» **Task instructions**
When you restate the data, keep every word as it is and drop the images.

» **The data**
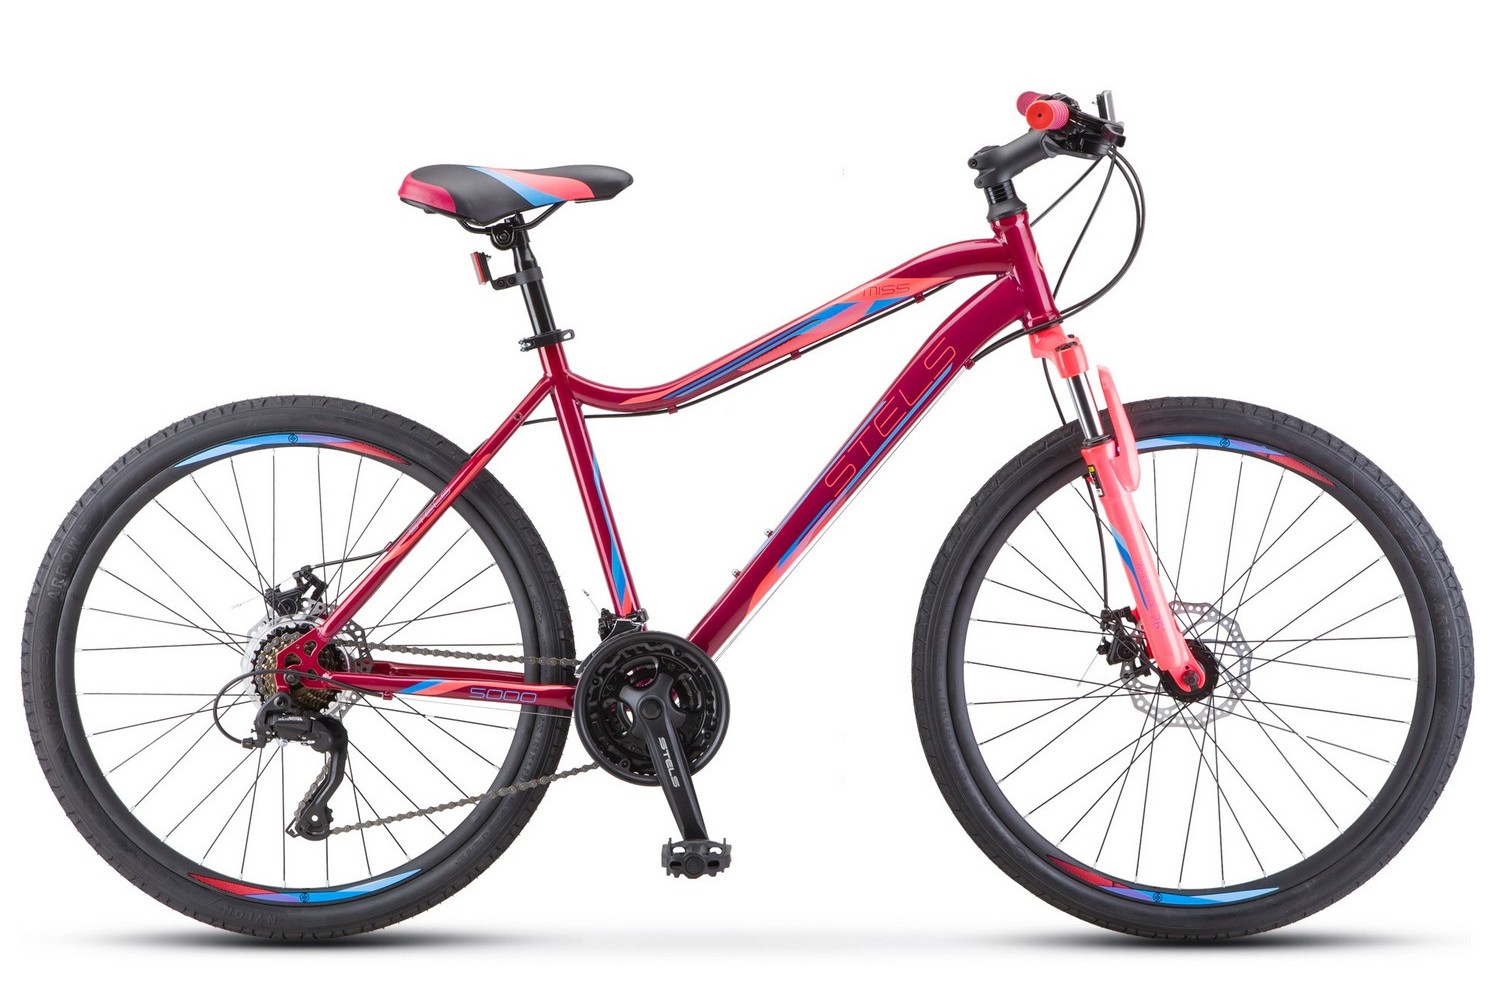 Женский велосипед Stels Miss 5000 MD V020, год 2023, цвет Красный-Розовый, ростовка 18
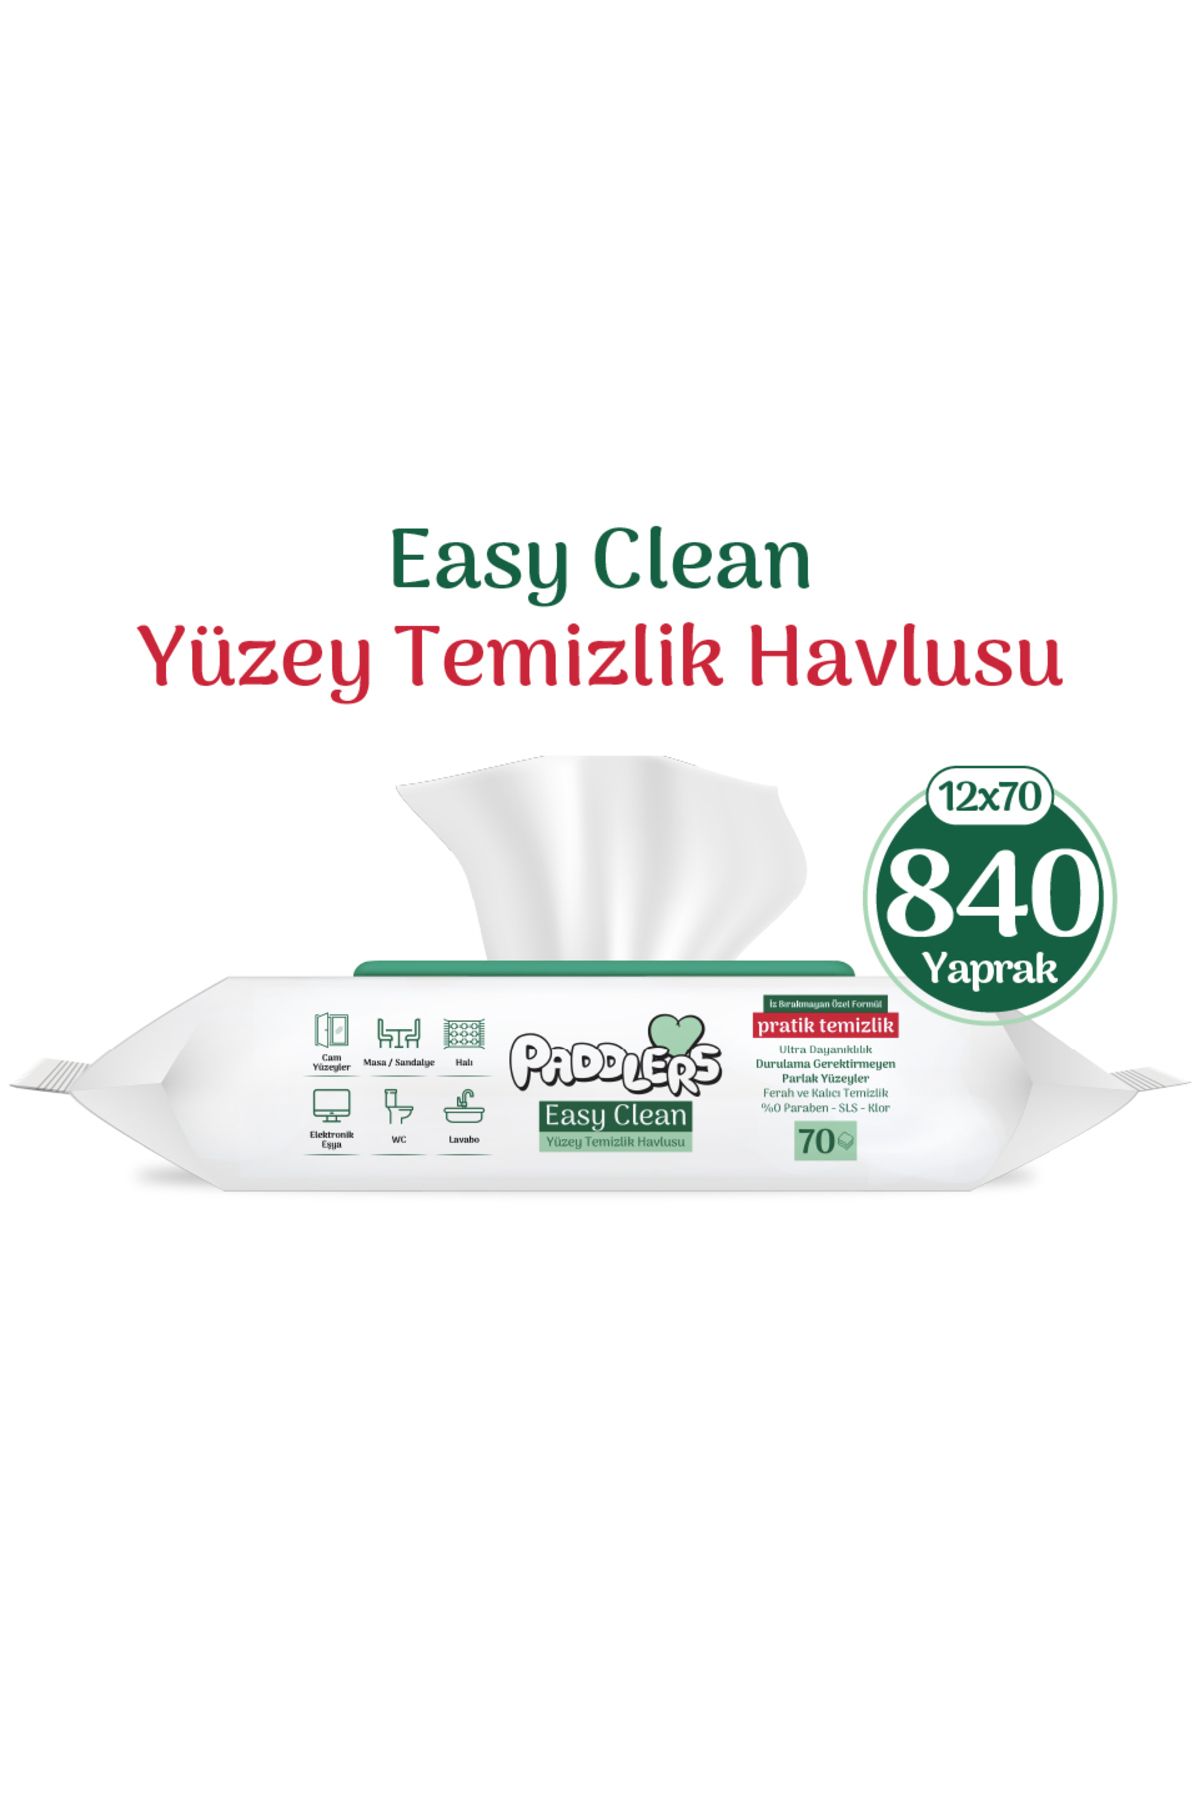 Paddlers Easy Clean Beyaz Sabun Katkılı Yüzey temizlik Havlusu 12x70 (840 Yaprak)
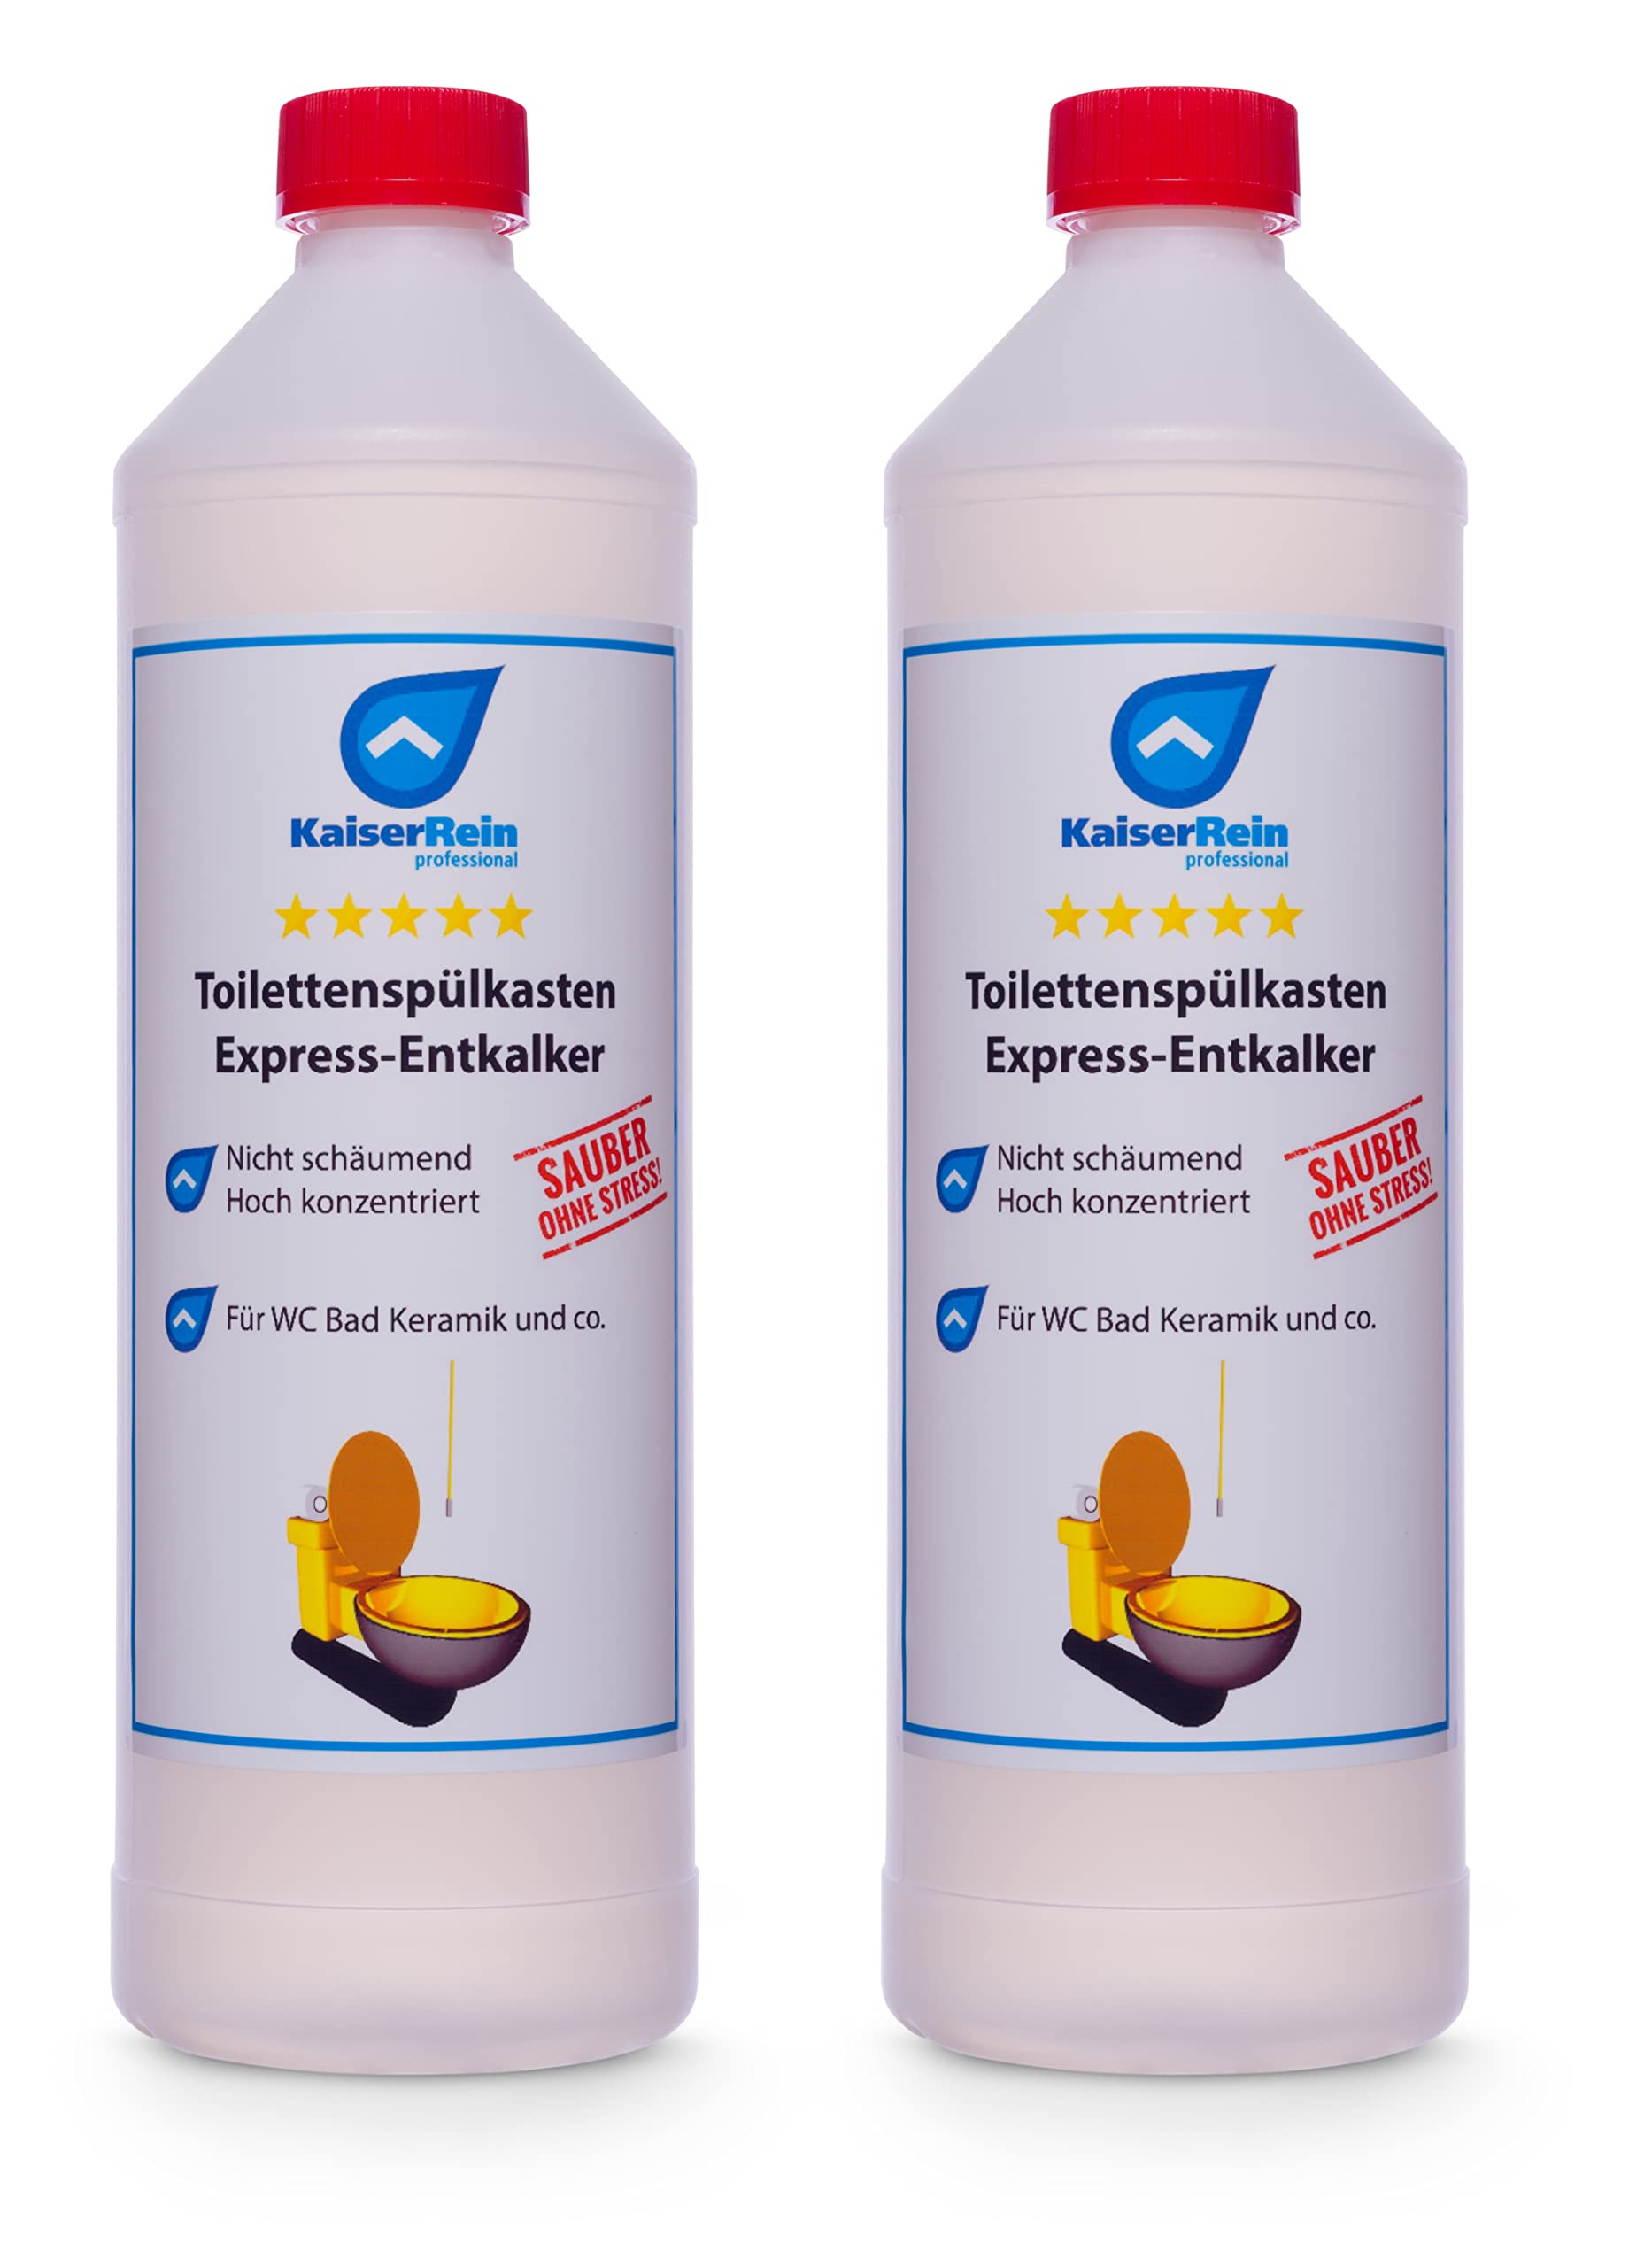 KaiserRein Toilettenspülkasten Express-Entkalker 2x 1L - Extra starker Kalklöser für Kalkablagerungen in WC, Spülkästen und Keramik, Entkalker, Spülkasten Reiniger

» **Answer section**
 Женский велосипед Stels Miss 5000 MD V020, год 2023, цвет Красный-Розовый, ростовка 18
 Paddlers Easy Clean Beyaz Sabun Katkılı Yüzey temizlik Havlusu 12x70 (840 Yaprak)
 KaiserRein Toilettenspülkasten Express-Entkalker 2x 1L - Extra starker Kalklöser für Kalkablagerungen in WC, Spülkästen und Keramik, Entkalker, Spülkasten Reiniger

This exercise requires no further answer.